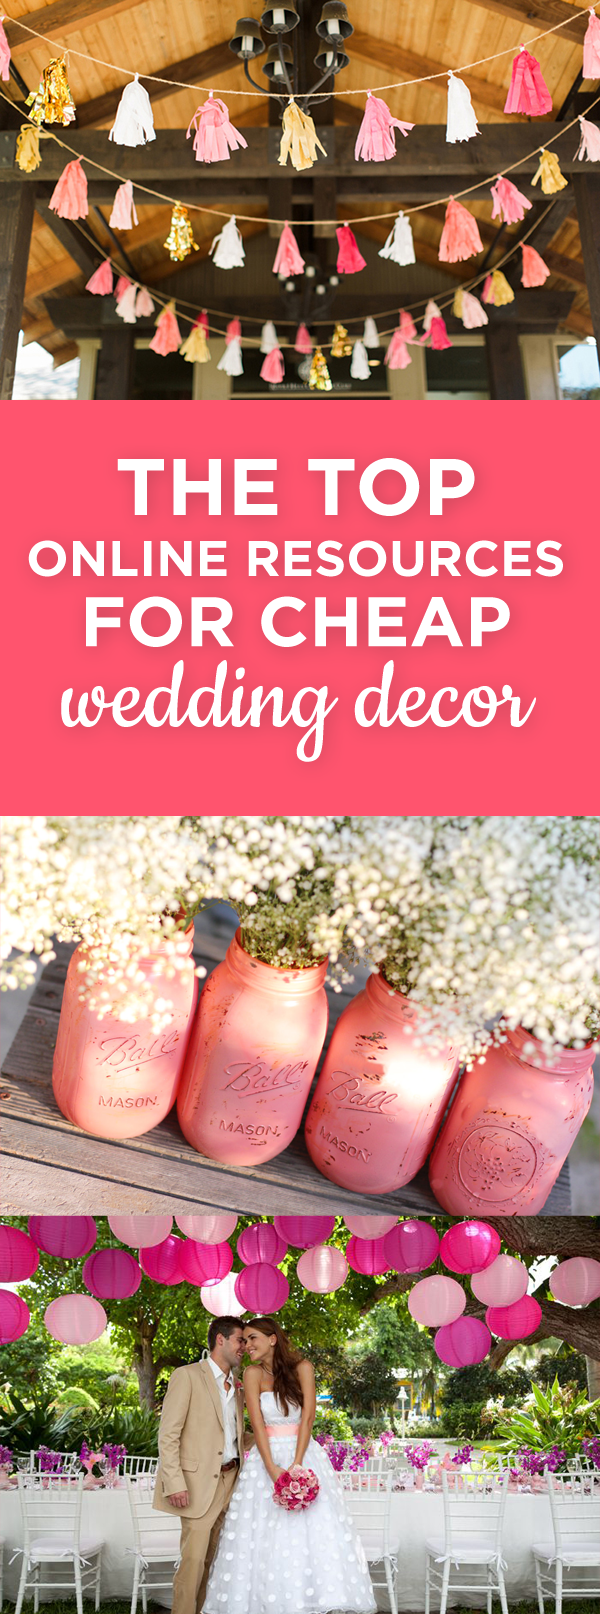 sources for cheap wedding decor
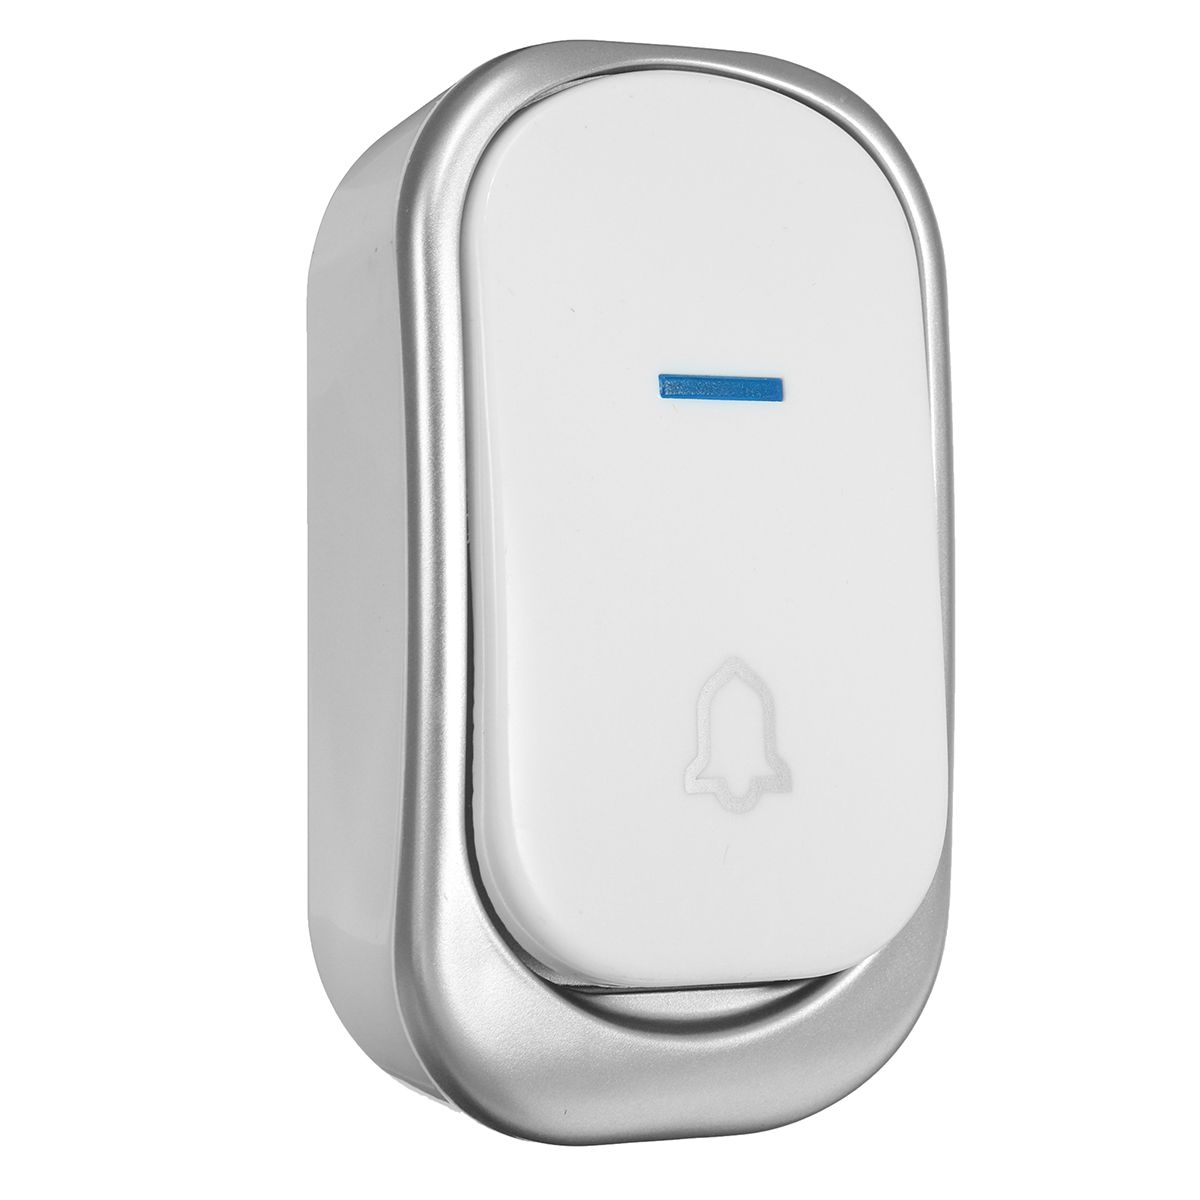 Waterproof-Wireless-Music-Doorbell-1-Receiver1-Transmitter-Chimes-Plug-in-Door-Bell-Kit-32-Song-1374567
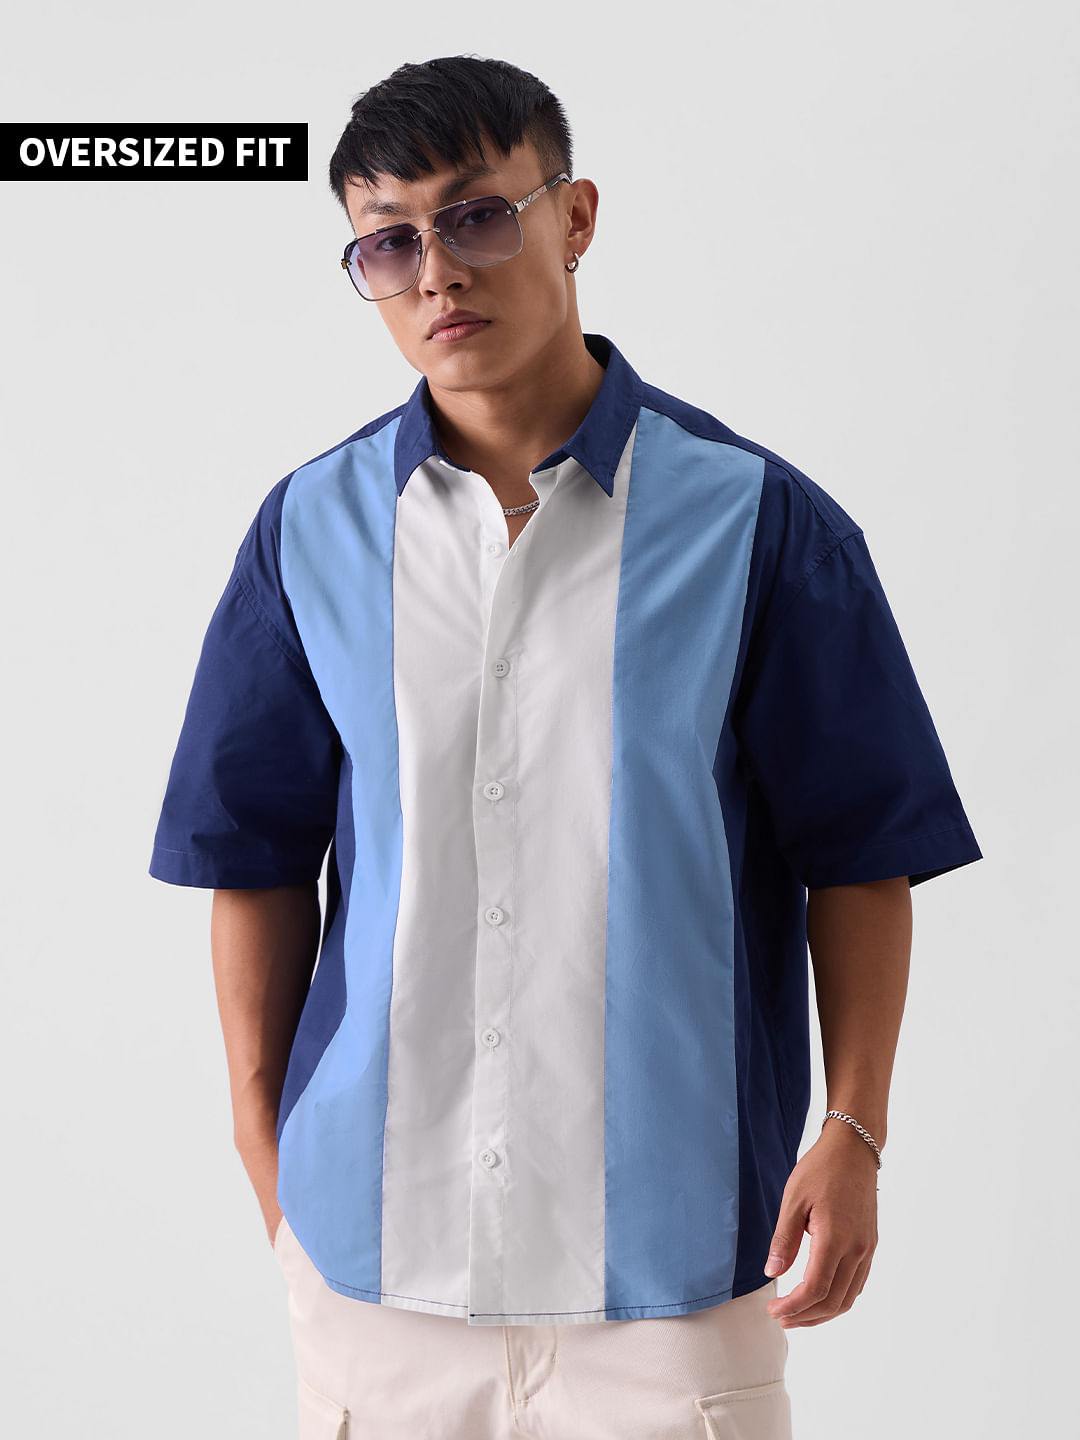 Buy Solids: Blue, White (Colourblock) Oversized Shirt Online

[TASK TO CARRY OUT] Retype the data word for word, please, and keep the images out.

[ANSWER]
 sources for cheap wedding decor
 Waterproof-Wireless-Music-Doorbell-1-Receiver1-Transmitter-Chimes-Plug-in-Door-Bell-Kit-32-Song-1374567
 Buy Solids: Blue, White (Colourblock) Oversized Shirt Online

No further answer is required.